The Hulka clip is made from a soft pliable plastic known as Silastic. The Silastic clip is “spring loaded” and clips to the fallopian tube. Clips cannot be simply “unclipped” to open the tubes as they damage the tubal tissue. Surgical reversal with tubal reconnection is necessary. The Hulka clip has the advantage of causing the least damage to the fallopian tube (if only 1 clip is placed) and may therefore be the easiest to reverse.
The Filshie Clip is a small titanium clip with a soft Silastic lining. The clip clamps on the tube maintaining pressure resulting in immediate tubal blockage. Tubal tissue around the clip site eventually becomes necrotic (dies). If only 1 clip is placed on each proximal tube, tubal reversal is often an option in these cases.
Falope Ring Band
There are several tubal ligation “bands” available. The tube is formed into a loop and the silicon ring band is placed at the bottom of the loop. The banded area becomes necrotic causing tubal blockage. If only one band is placed on each tube, tubal reversal is often an option in these cases.
The Adiana Method
The Adiana method works by stimulating the body's own tissue to grow in and around tiny, soft inserts that are placed inside the fallopian tubes. The Adiana method does not require abdominal surgery.>
A hysteroscope is inserted through the vagina, cervix and into the uterus. A catheter is then inserted through the hysteroscope and into the proximal fallopian tube. A small amount of heat energy is delivered to create a lesion in the proximal portion of the tubes.
A small soft insert is placed in each tube at the site of the lesion. New tissue grows around the inserts thus blocking the tubes. It requires about 3 months for the tubal blockage to form. Tubal reversal surgery (implantation) is difficult due to the blockage of the fallopian tube in the muscular proximal portion of the tube.
For reversal, damaged portion of the tube must be cut out of the wall of the uterus and the tube must be implanted into the uterus. Pregnancy rates are expected to much lower for this type of tubal reversal surgery. IVF is recommended in these cases.
The Essure Method
Like the Adiana method, no abdominal surgery is required with the Essure method. Using a hysteroscope the physician has inserted through the vagina, cervix, and into the uterus, the device is inserted into the tubal opening and proximal part of the fallopian tubes.

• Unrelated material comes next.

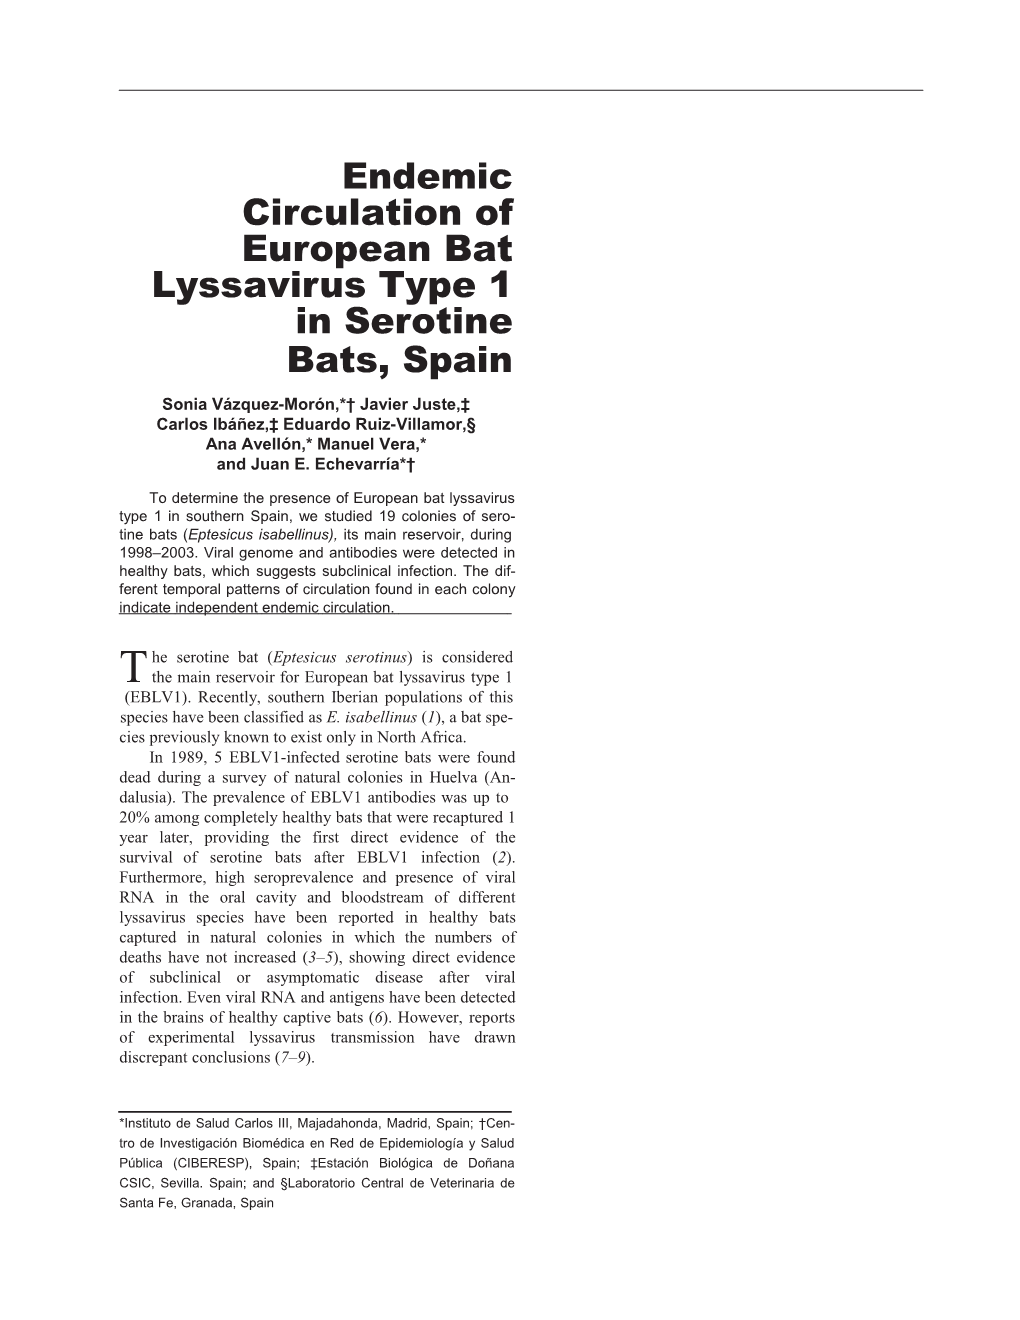 Endemic Circulation of Europeanbat Lyssavirus Type1 in Serotine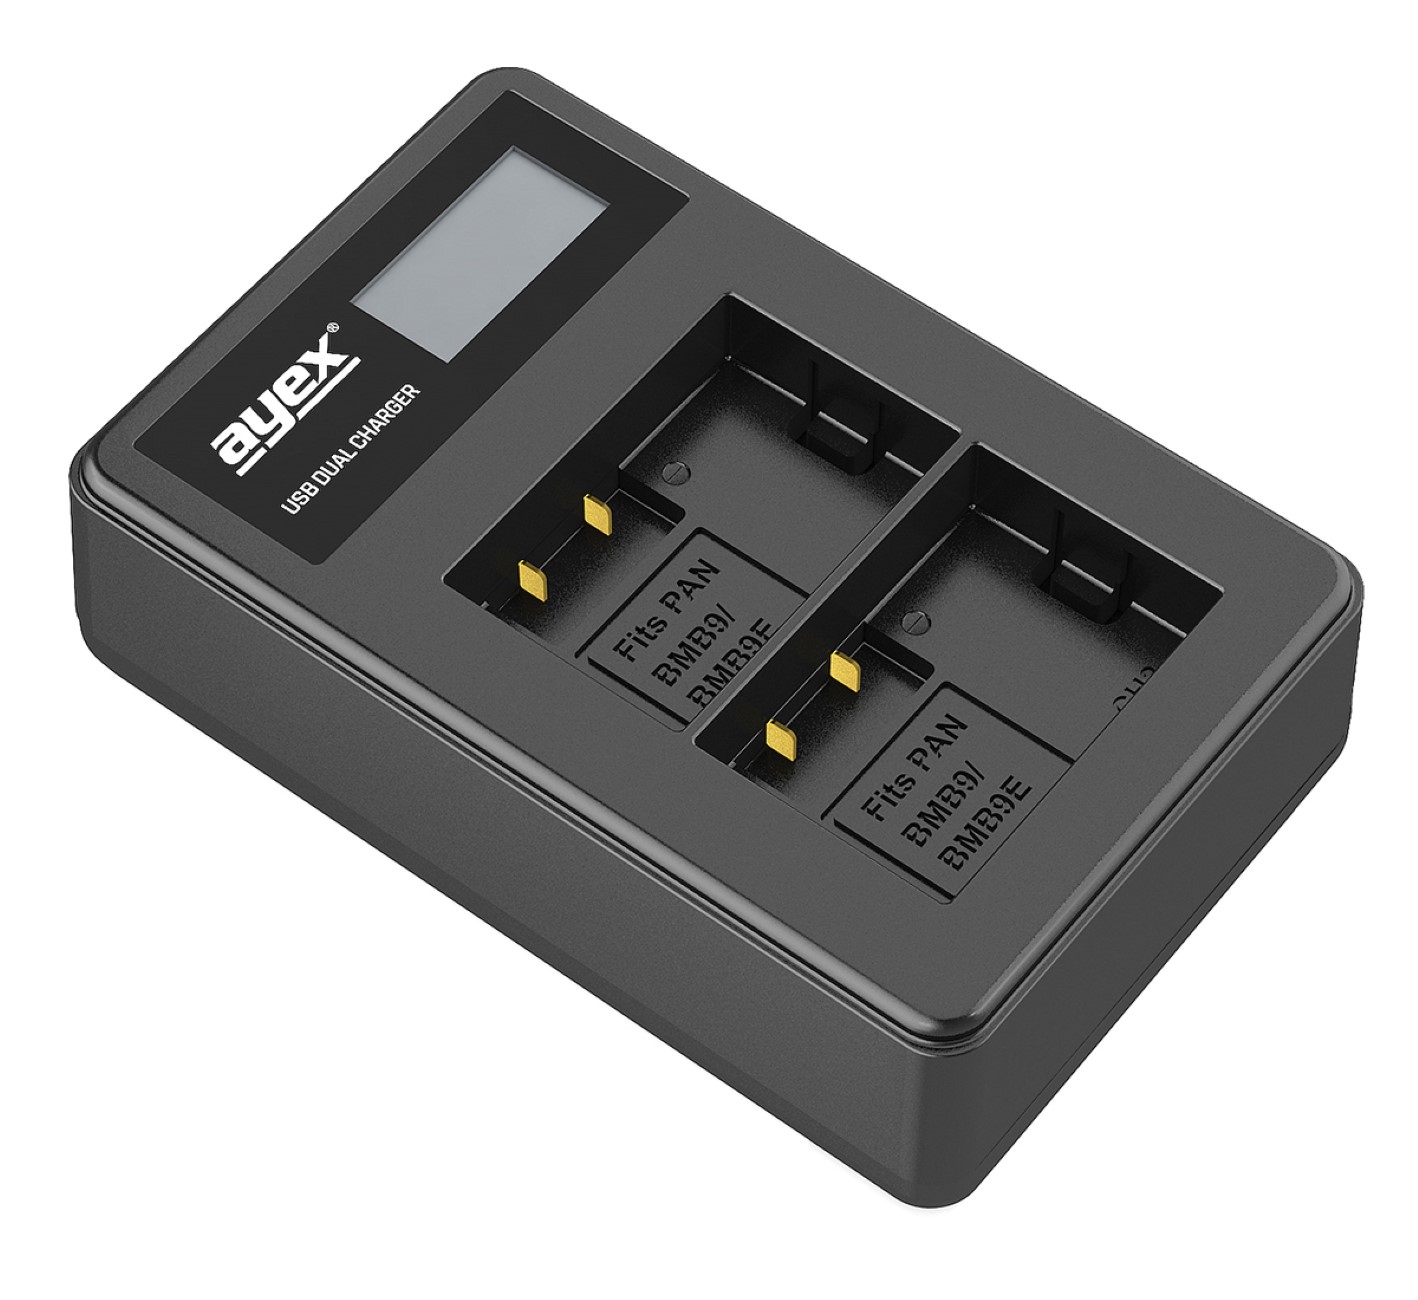 ayex USB Dual Ladegerät für Panasonic DMW-BMB9 DMW-BMB9E Akkus

A small portion of the metal tip of each insert remains visible inside the corner of the uterine cavity providing confirmation of proper placement. The inserts are made using silicone-free material that is used in heart stents, so they bend and conform to the shape of the fallopian tubes.
Tubal reversal surgery is very difficult due to the blockage of the fallopian tube in the muscular proximal portion of the tube. Reimplantation of the tube is required for surgical reversal which results in much lower success rates compared to other types of tubal reversal. IVF is recommended over tubal reversal in these cases.
This technique involves cutting the distal end of the tube and the fimbria. The fimbriae are fingerlike projections that collect the eggs. Tubal reversal has a very low chance for success due to the lack of fimbria. IVF is recommended in these cases.
Electrocautery, has the potential for extensive damage to the tubes making future tubal reversal unlikely to succeed. A long “tweezer like” device with two jaws is used to grasp the tubes. Electric current is passed between the jaws, and through the tubes, cauterizing (burning) between 1 and 3 cm of the tube. This process seals (scars) the tubes preventing the passage of eggs and sperm.
The potential reversibility of this method depends on the amount of tube that is damaged. Some physicians cauterize a single area, but most physicians cauterize multiple areas resulting in too much tube being damaged for reversal. IVF is usually recommended in these cases unless the operative report specifically describes a minimal amount of tubal cautery in a single spot.